Set down a true copy of the data, with all pictures left out.

_DATA EXCERPT_
***

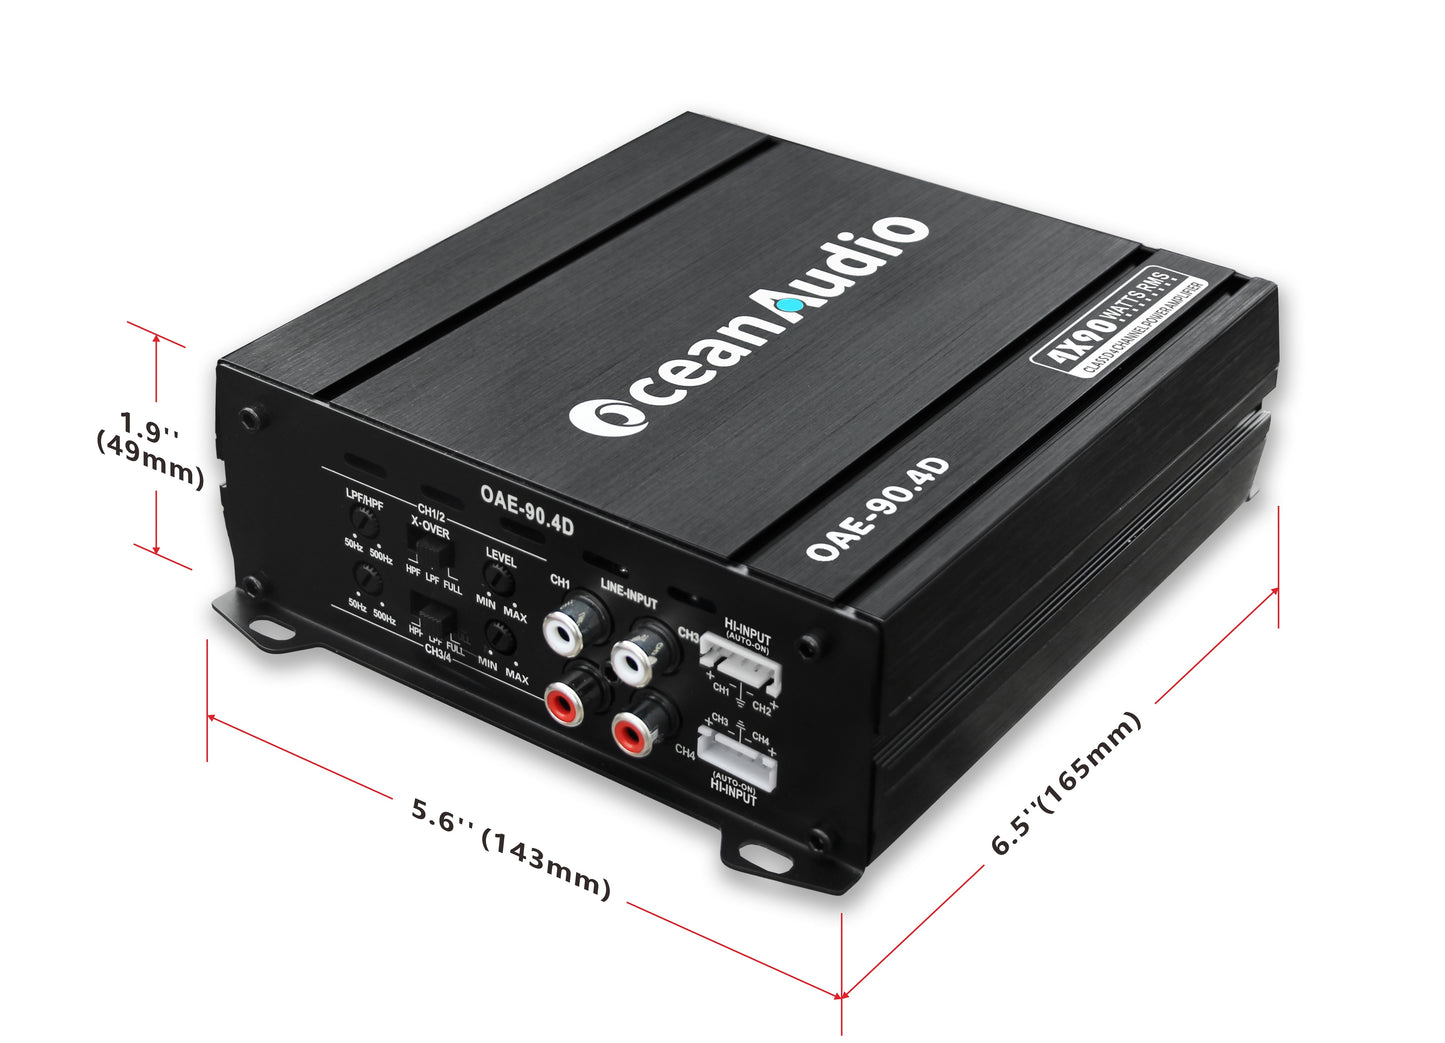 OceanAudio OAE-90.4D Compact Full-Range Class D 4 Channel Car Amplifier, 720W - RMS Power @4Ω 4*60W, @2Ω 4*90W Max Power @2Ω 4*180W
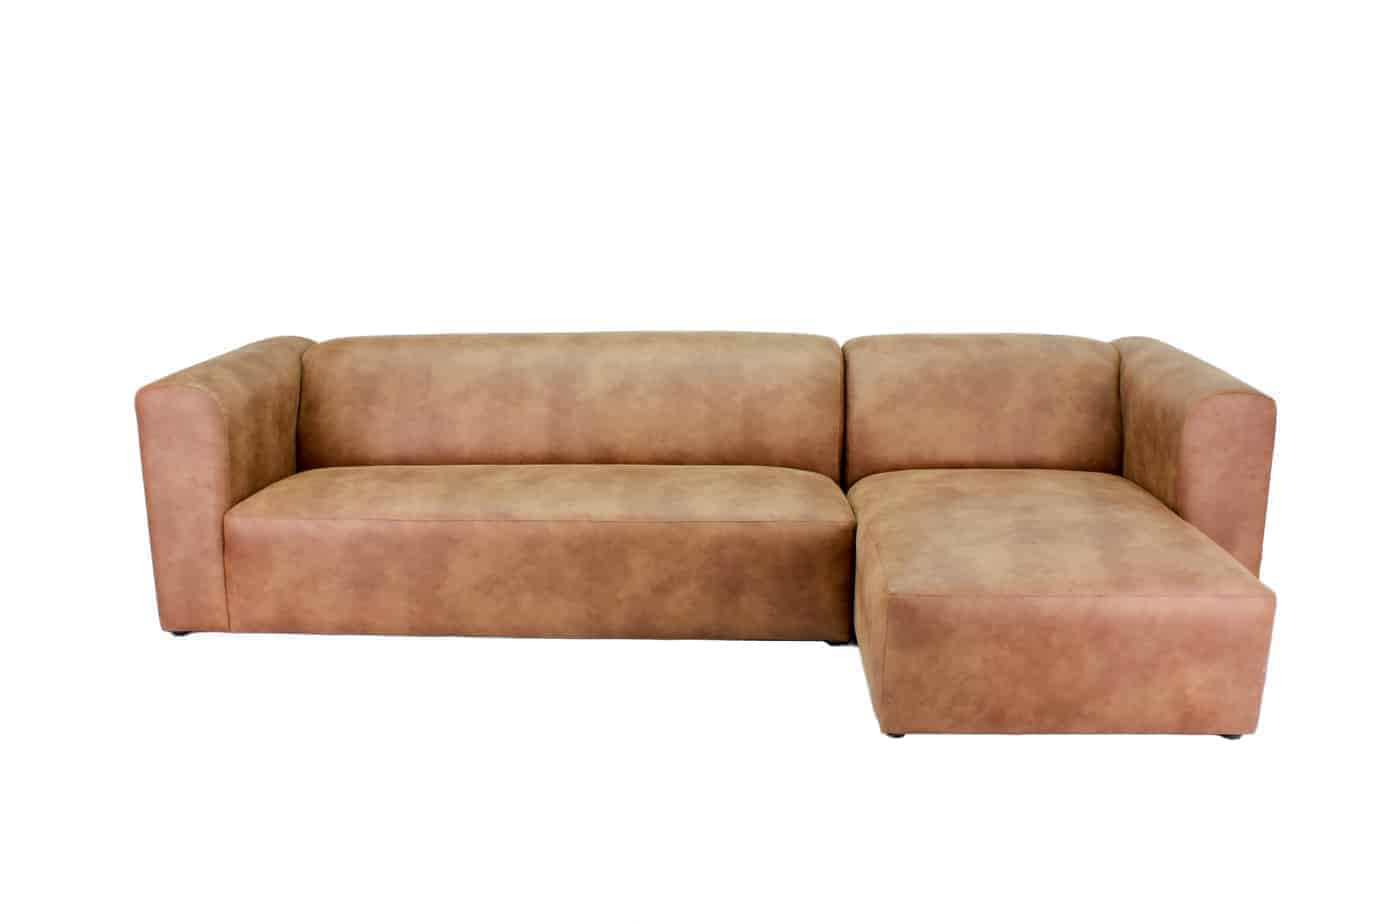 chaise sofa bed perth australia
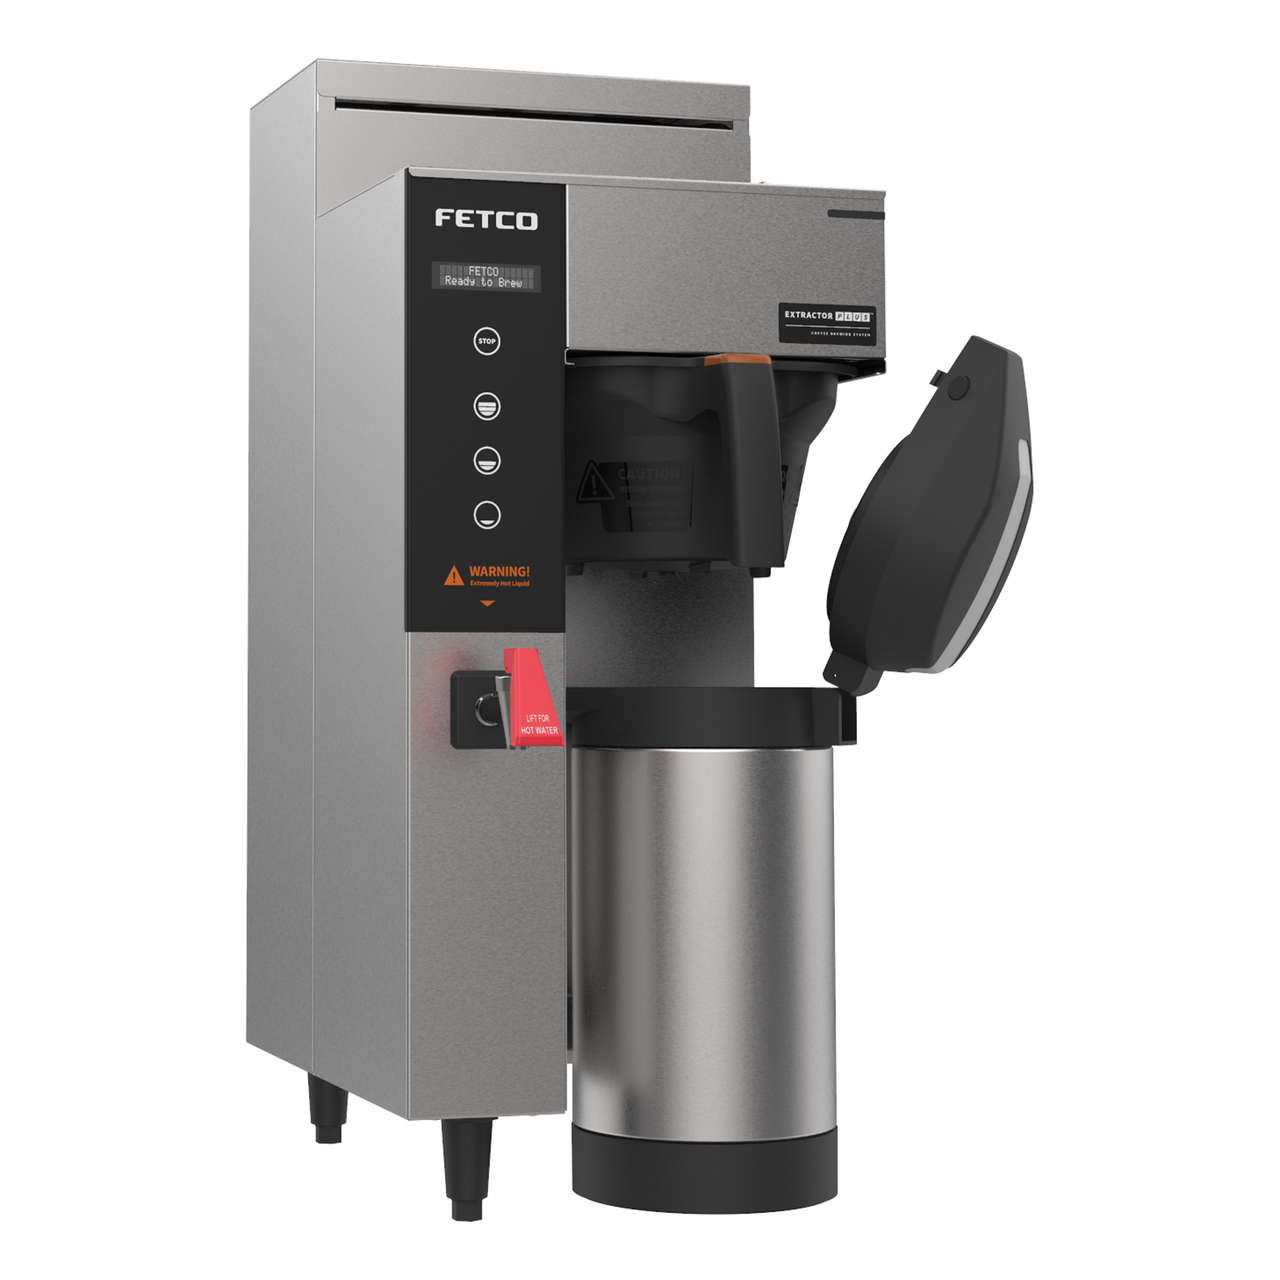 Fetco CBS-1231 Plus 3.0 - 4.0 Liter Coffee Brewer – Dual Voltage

***

_EXERCISE RESULT_
 OceanAudio OAE-90.4D Compact Full-Range Class D 4 Channel Car Amplifier, 720W - RMS Power @4Ω 4*60W, @2Ω 4*90W Max Power @2Ω 4*180W
 chaise sofa bed perth australia
 Fetco CBS-1231 Plus 3.0 - 4.0 Liter Coffee Brewer – Dual Voltage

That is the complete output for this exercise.